Onion, finely chopped
Garlic, finely chopped
Green or red Thai chilies, seeded and finely chopped
Fresh root ginger, peeled and finely chopped
Spring onions (scallions), finely chopped
Skinless chicken breast fillet, cut into bite-size strips
Pork, cut into bite-size strips
Tomatoes, skinned, seeded and chopped
Water or fish stock
Fresh rice sticks (vermicelli)
Ground black pepper
Fresh basil and mint, stalks removed, leaves shredded
Nuoc cham, to serve
Heat a wok or heavy pan and add the oil.
Stir in the onion, garlic, chilies and
ginger, and cook until they begin to color. Add the spring onions and
cook for 1 minute, add the chicken and pork, and cook for 1-2 minutes.
Then stir in the shrimps.
Add the tomatoes, followed by the tamarind
paste, nuoc mam, lime juice and rind, and sugar.

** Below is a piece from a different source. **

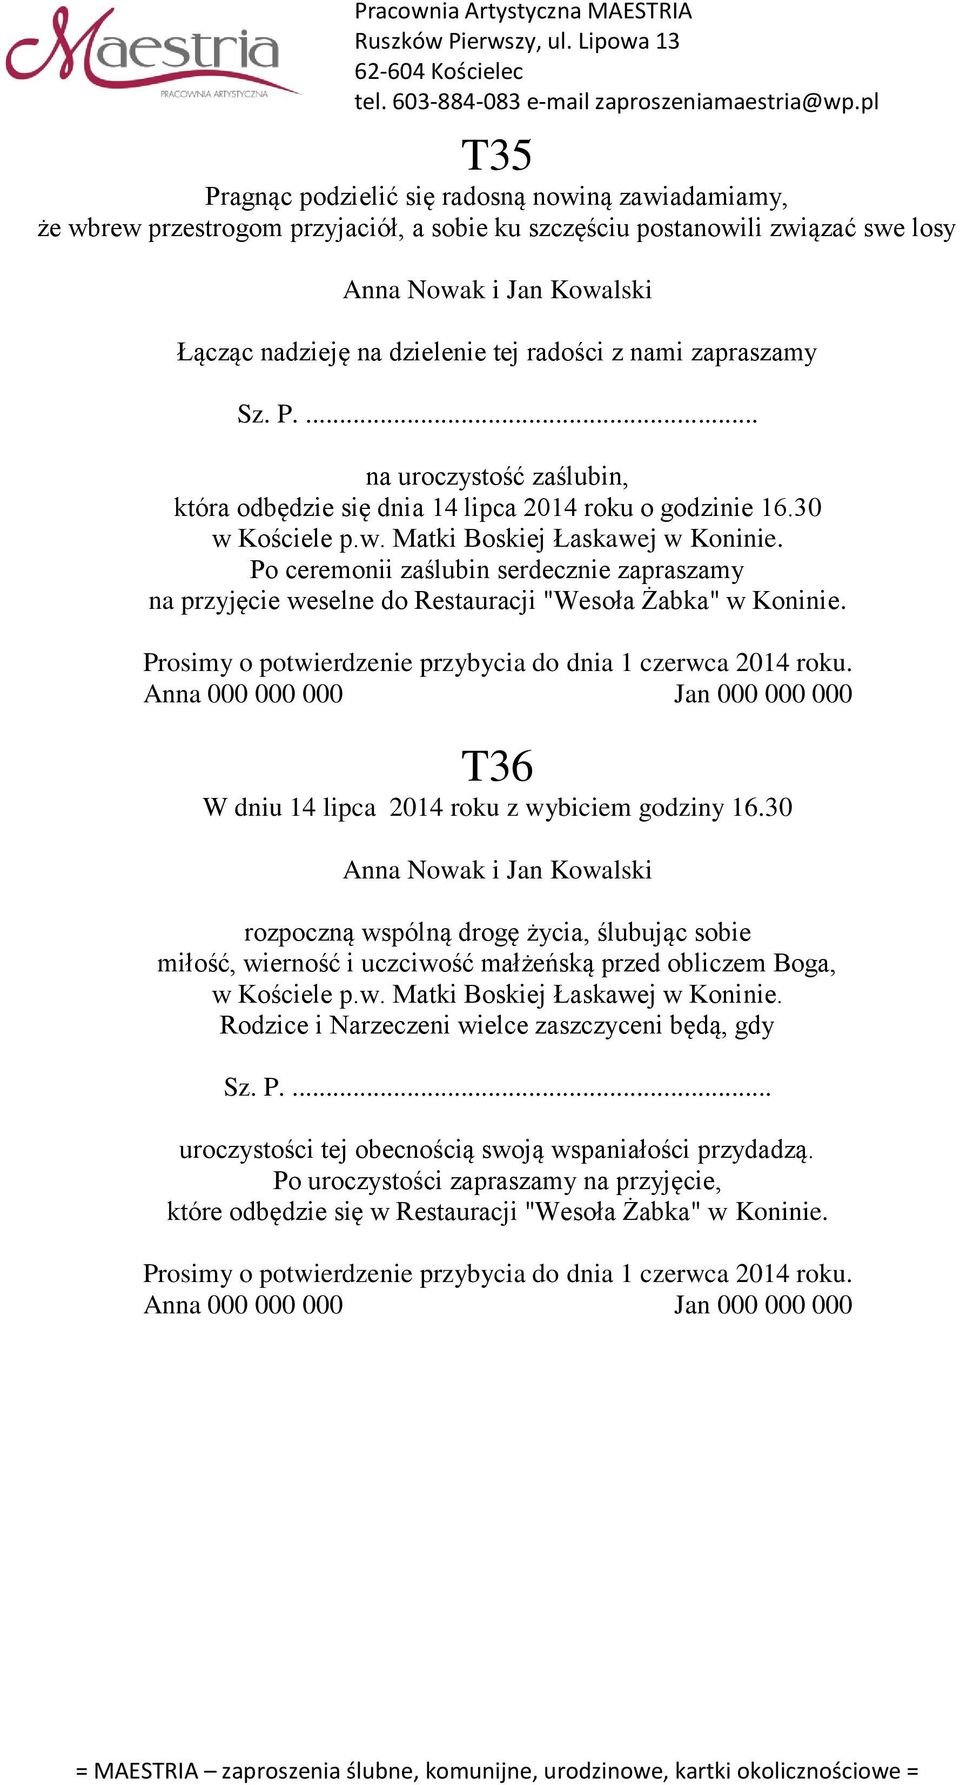 Po ceremonii zaślubin serdecznie zapraszamy na przyjęcie weselne do Restauracji "Wesoła Żabka" w Koninie. T36 W dniu 14 lipca 2014 roku z wybiciem godziny 16.
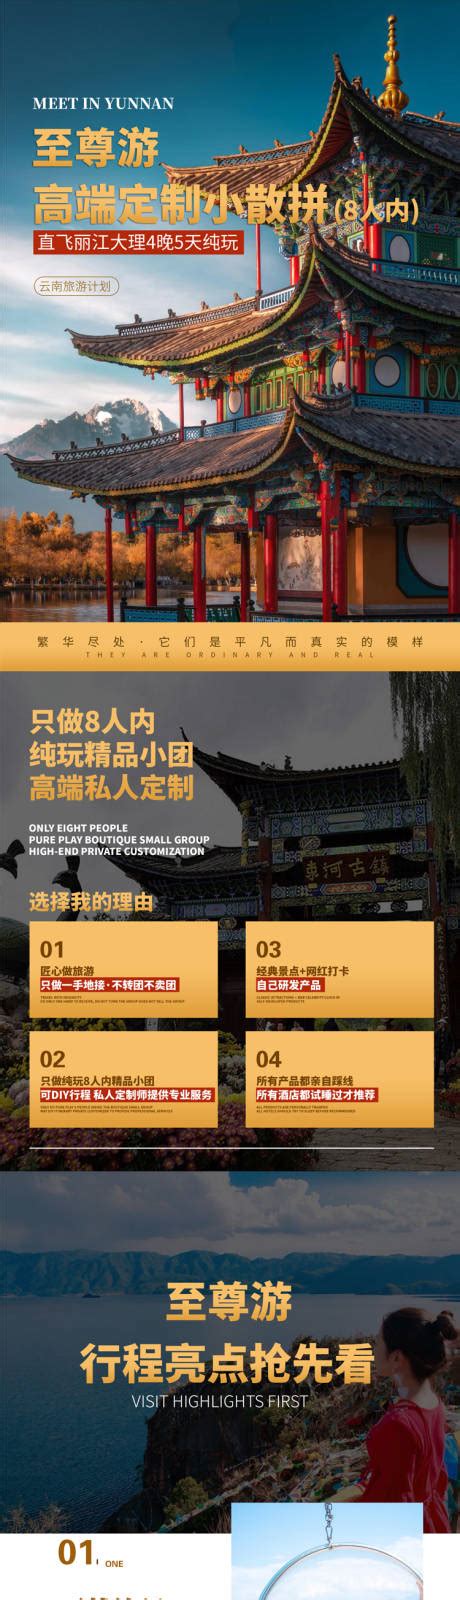 云南旅游行程详情页PSD电商设计素材海报模板免费下载-享设计

Pour in the water or fish stock, and cook
gently for 2-3 minutes.
Meanwhile, toss the noodles in a pan of
boiling water and cook for a few minutes until tender. Drain them and
add the chicken and shrimp mixture.
Season with salt and ground black pepper
and serve immediately, with plenty of basil and mint scattered over the
top, and drizzled with spoonfuls of nuoc cham.
There are endless variations of this
classic dish - the only key is to keep the sauce dry, cut the meat and
fish into small pieces and, most importantly, toss in the noodles at the
last minute. The addition of fresh basil and nuoc cham lends a distinct
Vietnamese flavor but you may also add strips of squid or slices of
Chinese sausage to the mixture in the wok.